Not only has Nehru neglected to take note of this accumulation, but he has also been unable to grasp just what this quantitative change has done qualitatively to the character of the- Indian middle class, a class which may now be said to be firmly, in the saddle. A few drops from the banquet (generally from the excess profits) have been scattered as a libation in the direction of education, scientific research, and charity; a considerable slackening of the ancient rigidity of manners, and unfortunately of morals also, is duly noticeable. Yet this is nothing compared to the principal characteristic of this class, the ravening greed which is now so obvious in the black market, in enormous bribes spent in making still more enormous profits, in speculation in shares and an increasingly callous disregard for the misery and even the lives of their fellow Indians). The progressive deterioration in the living conditions of our peasant workers (over 50 per cent of the population), of our factory labour and even the lower-paid office workers and intellectuals affords a striking contrast with the wealth that flows into the pockets of the upper middle class, though the gain may be camouflaged by the ostentatious simplicity of white khaddar (homespun) and the eternal Gandhi cap. The new constitution for India, in the gaining of which Nehru and his friends have spent so many of the finest years of their lives in jail, will come only as a recognition of the power of this newly expanded Indian middle class.
Actually the negotiations of the British Cabinet Mission are nothing if not recognition of the position of the new bourgeoisie in India. The old trusteeship theory no longer yields monopoly profits either by investment or by export; the British bourgeoisie which must export and invest has admitted the necessity of coming to terms with their Indian counterpart which needs capital goods. It is surely not without significance that the modern industrialists and financiers contribute to Congress (by which I mean the Indian National Congress Party in this note) funds, while the leadership of the Muslim League is on noticeable good terms with the Mohammedan owners of money in India; it may be suggested that one reason for the conflict between these two middle class political organizations is not only the fact that the Muslim minority forms one-third of the population of the country with less than one-tenth of its wealth, but further that the wealth in Muslim hands is based predominantly on barter pseudo-capital or semi-feudal agrarian production, both of which look for protection to the British.

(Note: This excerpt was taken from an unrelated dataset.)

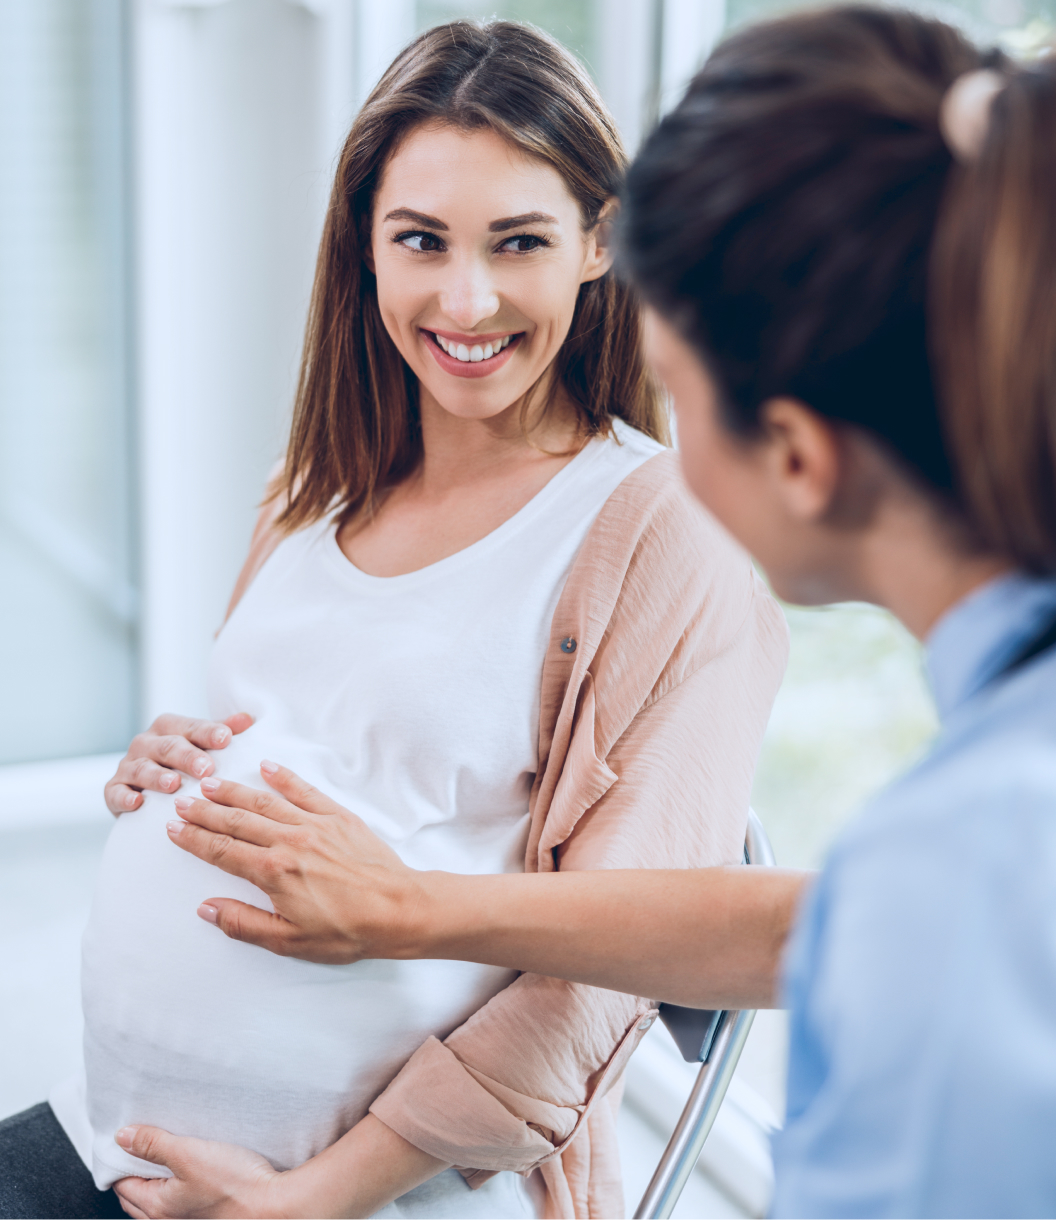 Prenatal chiropractic care for a pregnant woman.

In the light of all this, which Nehru does not acknowledge explicitly, it is interesting to note his comments on the Indian Communist Party (p. 524 and 629). Nehru does not realize that the Indian Communist Party (never ideologically powerful had in 1941 been suppressed to the point of ineffectiveness and that their increasing force in Indian politics today, though still virtually negligible as against that of the bourgeoisie, is due solely to their having really gone down to the peasant workers and the very small industrial proletariat-two sections of the Indian population among which the Congress and the Muslim League both have much less influence today than they did before 1943. In speaking of the Congress Planning Committee (p. 482-84) it is curious to note that the findings of the committee had apparently no influence whatsoever on the provincial Congress governments then functioning. Nehru might have studied with profit the differences between the Congress programme and the actual performance of the Congress ministries.
There is no evidence at all that the Congress as constituted today is in the remotest danger of drifting (like its planning committee) towards socialism. With the Muslim League leadership, of course, it is difficult to observe anything except pure opportunism and reaction. Without going deeper into the statistics or capital investments, it may be stated-and verified by a reference to the newspaper advertisements of the period-that the years 1937-39, when the Congress ministries ruled, show in their particular provinces a considerable number of new enterprises being started. The investor certainly demonstrated his confidence in the Congress, whether or not the British and the Congress Planning Commission gave any attention to that aspect of the matter. Of course this cannot compare with the almost explosive increase in capital today.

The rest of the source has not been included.